Message-Id: <c=US%a=_%p=RSA_Data_Securit%l=LOBESTER-970509210338Z-4608@LOBESTER.rsa.com>
From: Steve Burnett <burnettS@RSA.COM>
To: "'JavaSoft crypto questions'" <java-security@web2.javasoft.com>
Subject: Getting classes from providers
Date: Fri, 9 May 1997 14:03:38 -0700
When an application calls the JCE Cipher.getInstance (String
algorithm) routine, eventually Security.getImpl --by calling
getEngineClassName-- will ask the provider to return the name of the
class associated with that String algorithm. getImpl then will use the
Class class to create a newInstance of that class.
How about this? getImpl does not ask for a class name associated with
the Sting algorithm, but rather the String type.
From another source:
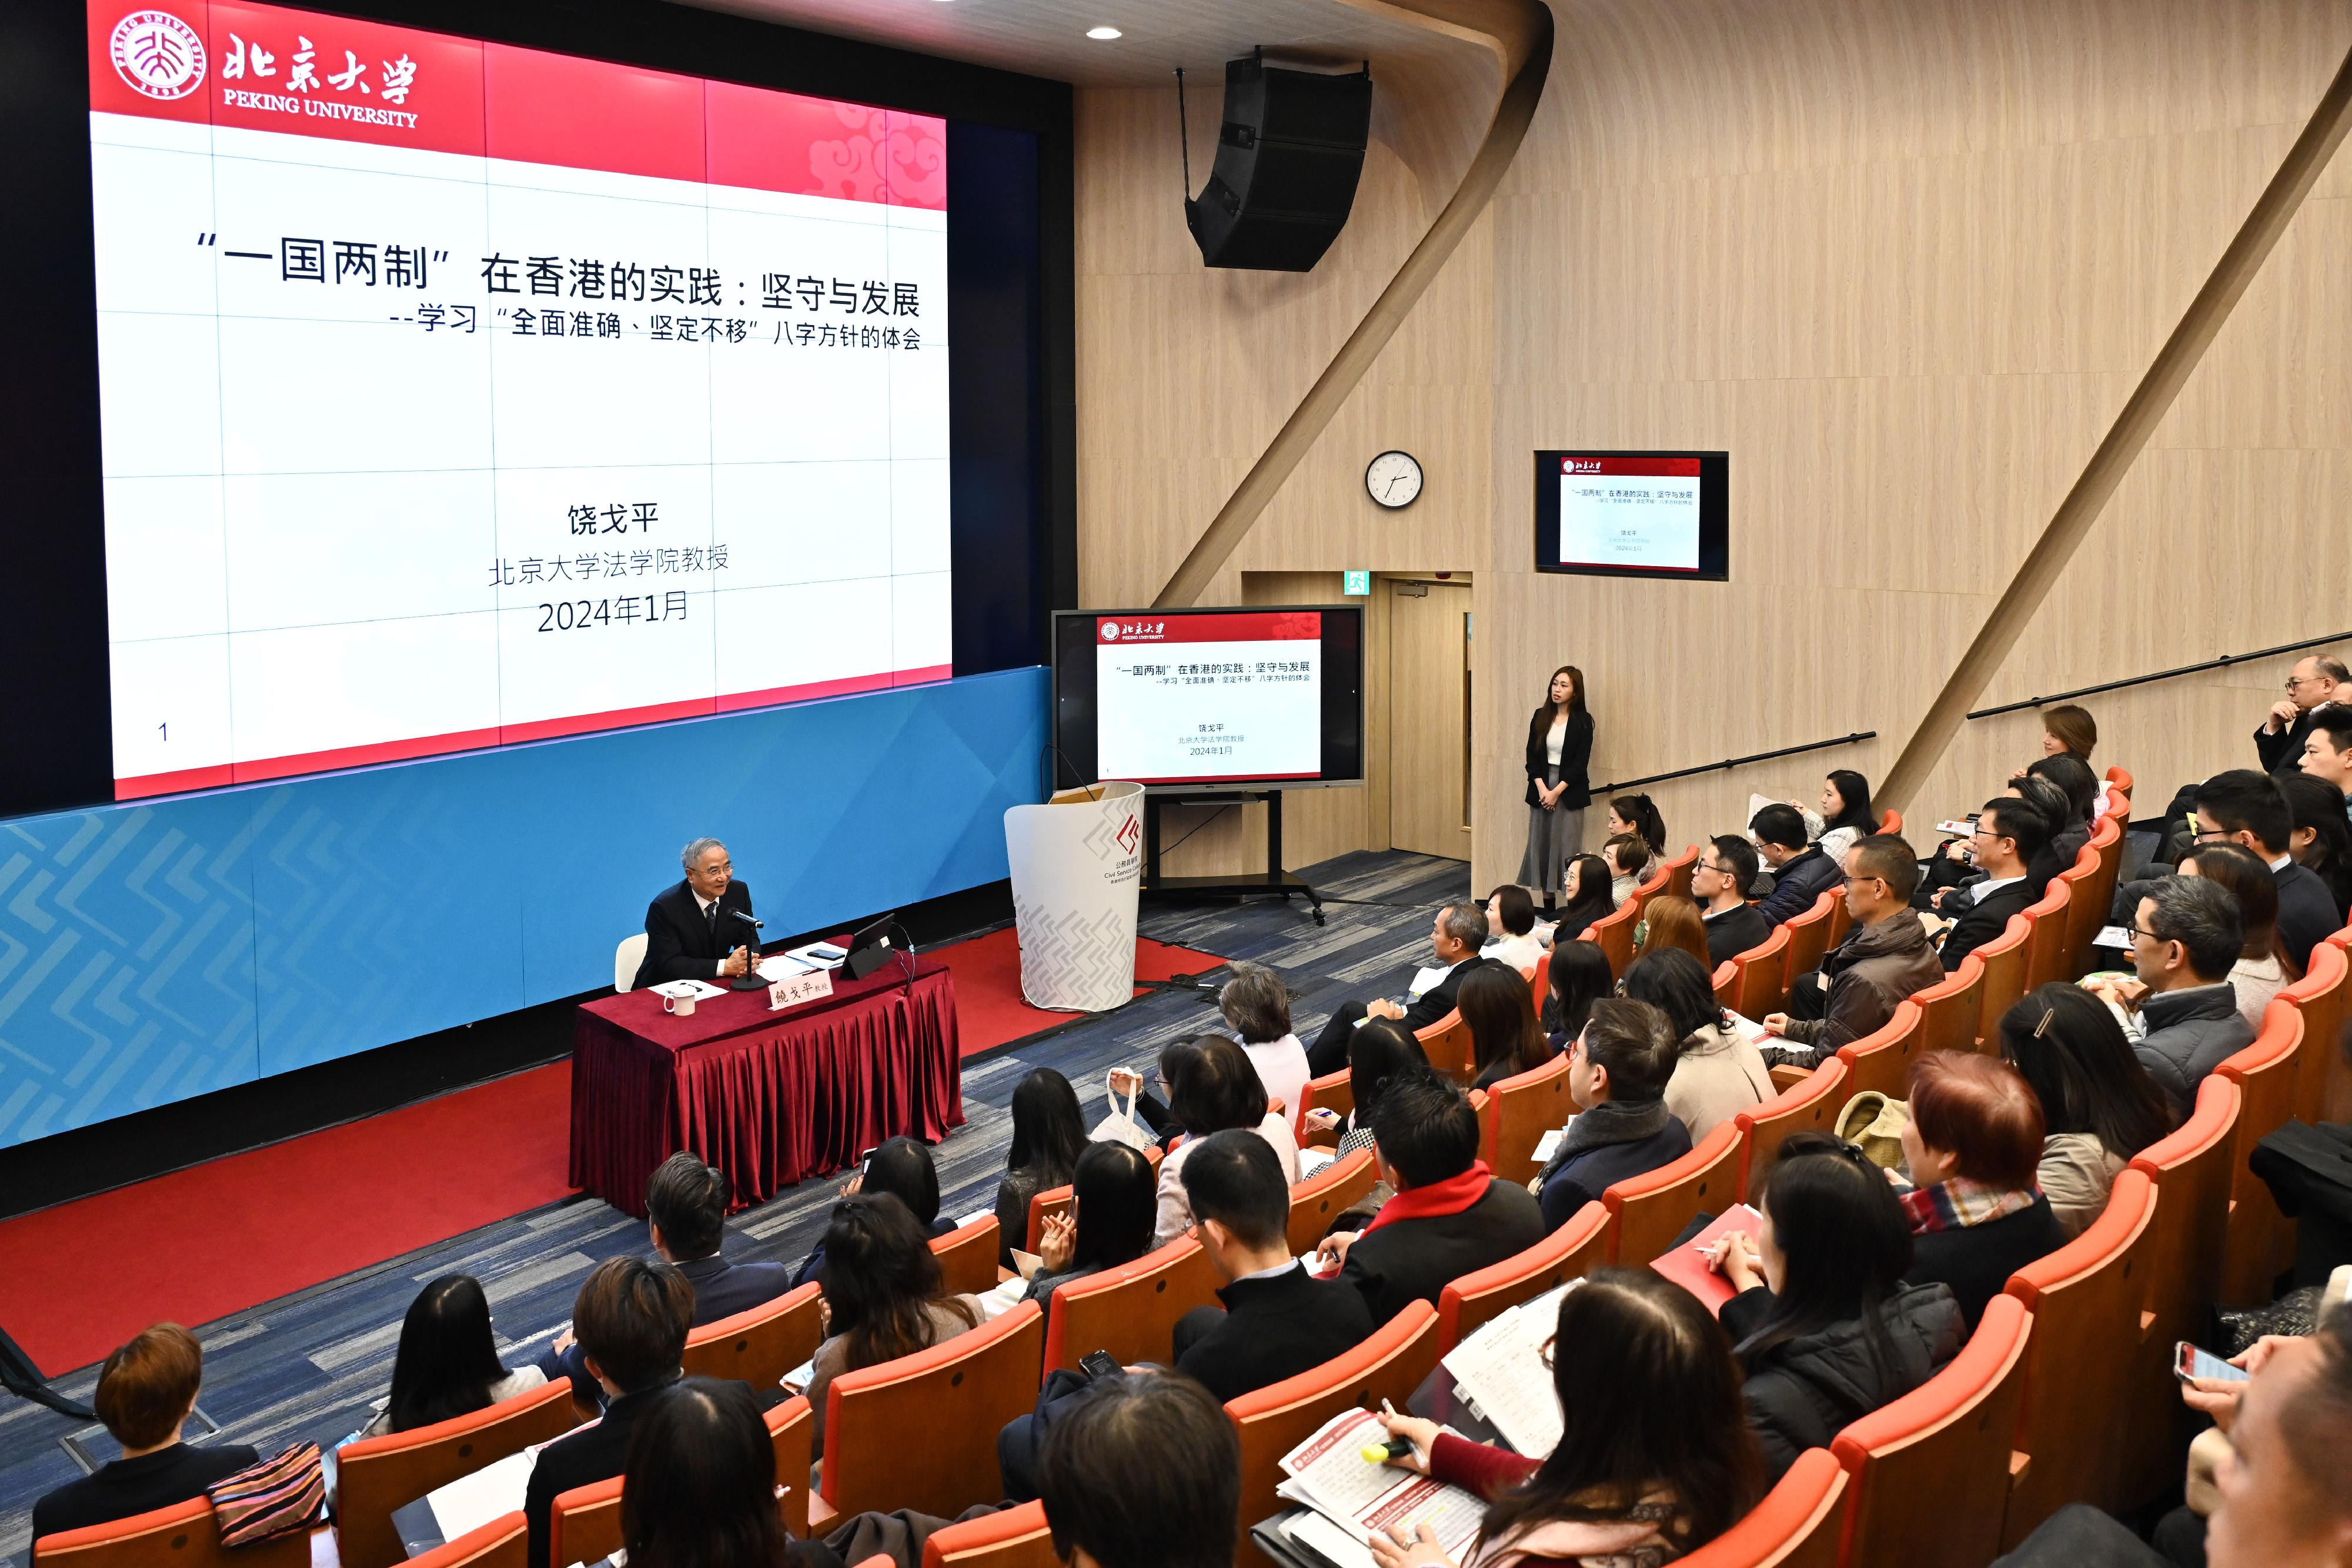 公務員學院與北京大學港澳研究院合辦的「一國兩制」及當代中國深入研習課程今日（一月二十三日）在公務員學院舉行以「『一國兩制』的堅守與發展」為題的講座。約70名首長級薪級表第一及第二點的公務員參與研習課程，另有約110名政治委任官員和首長級人員報讀旁聽，透過網上上課。


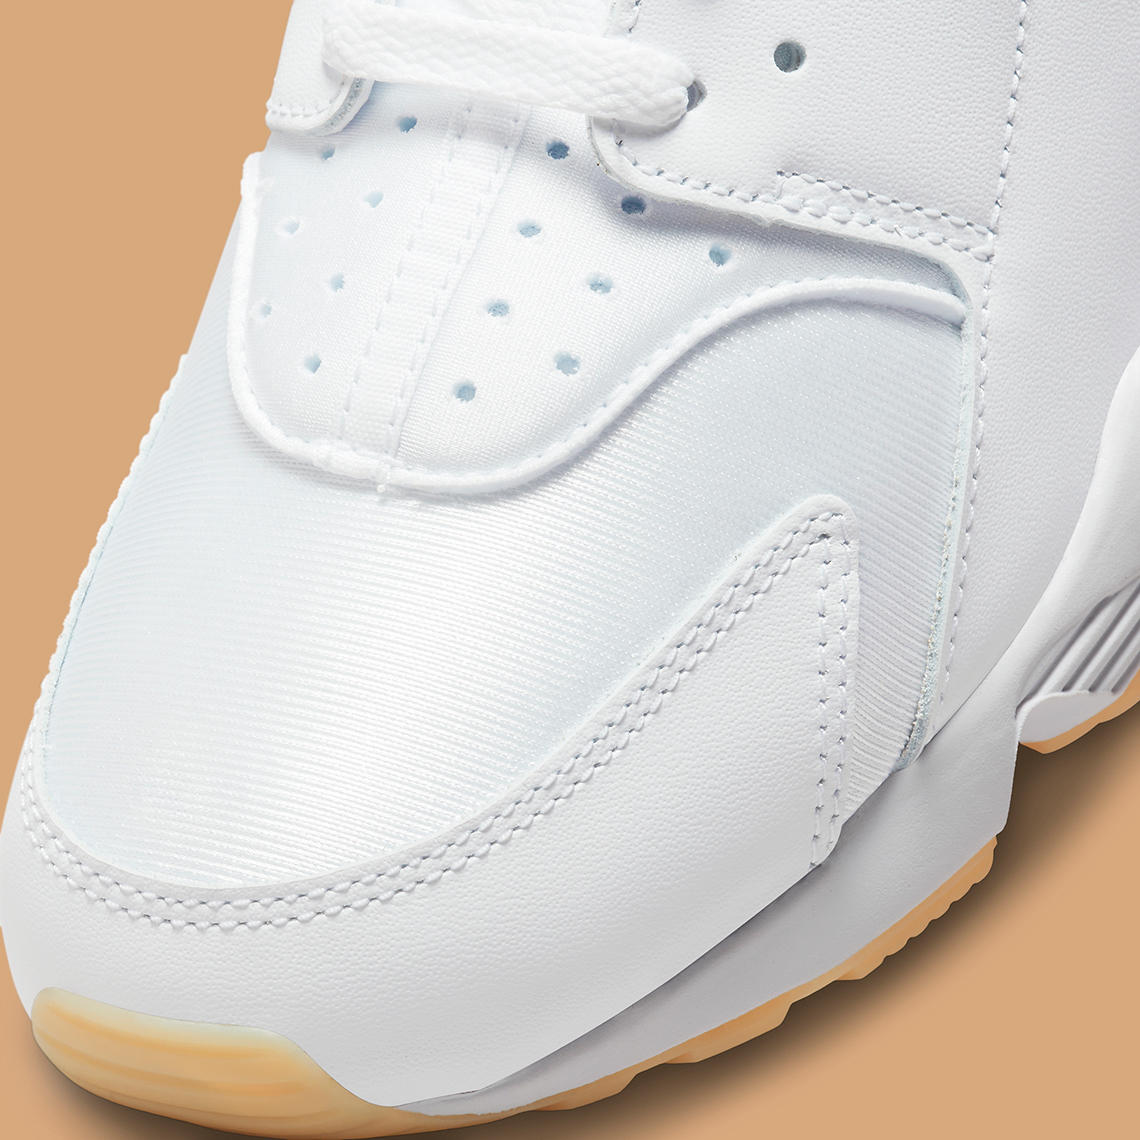 Nike Air Huarache White Gum DR9883-100 | SneakerNews.com

The String type is
"Cipher" or "Signature".
Now, the provider returns its implementation of Cipher, maybe we at
RSADSI for example would call it JA_Cipher, which is subclassed off of
the JCE Cipher.
Then Cipher.getInstance would instantiate that class and pass the
String algorithm to this new object.
It looks like this
Application developer calls Cipher.getInstance ("RC2-80/CBC/PKCS#5")
Cipher.getInstance calls Security.getImpl ("Cipher")
Securitly.getImpl calls getEngineClassName (type) remember, type
is "Cipher"
the engine has returned the class name of its Cipher class
(say JA_Cipher).
getImpl returns this name to the caller
Cipher.getInstance, through the Class class can get a newInstance of
JA_Cipher.
Cipher.getInstance calls this object's (the instantiation of
JA_Cipher)
setAlgorithm (algorithm). Remember, algorithm = "RC2-80/CBC/PKCS#5".
This requires every provider to supply a Cipher or Signature or
MessageDigest and so on class (if they support an algorithm of that
type) and their class must contain a setAlgorithm method.
As a provider, rather than supply a separate class for each possible
String algorithm we can handle, we can provide one class that will
contain a method to parse that String. If parameters are part of the
string, we would have to either limit our customers to a few "popular"
parameters or write many, many classes. Even taking away parameters, the
possible algorithm/feedback/padding combinations can still be very large
and unwieldy. It is simply a bit inefficient.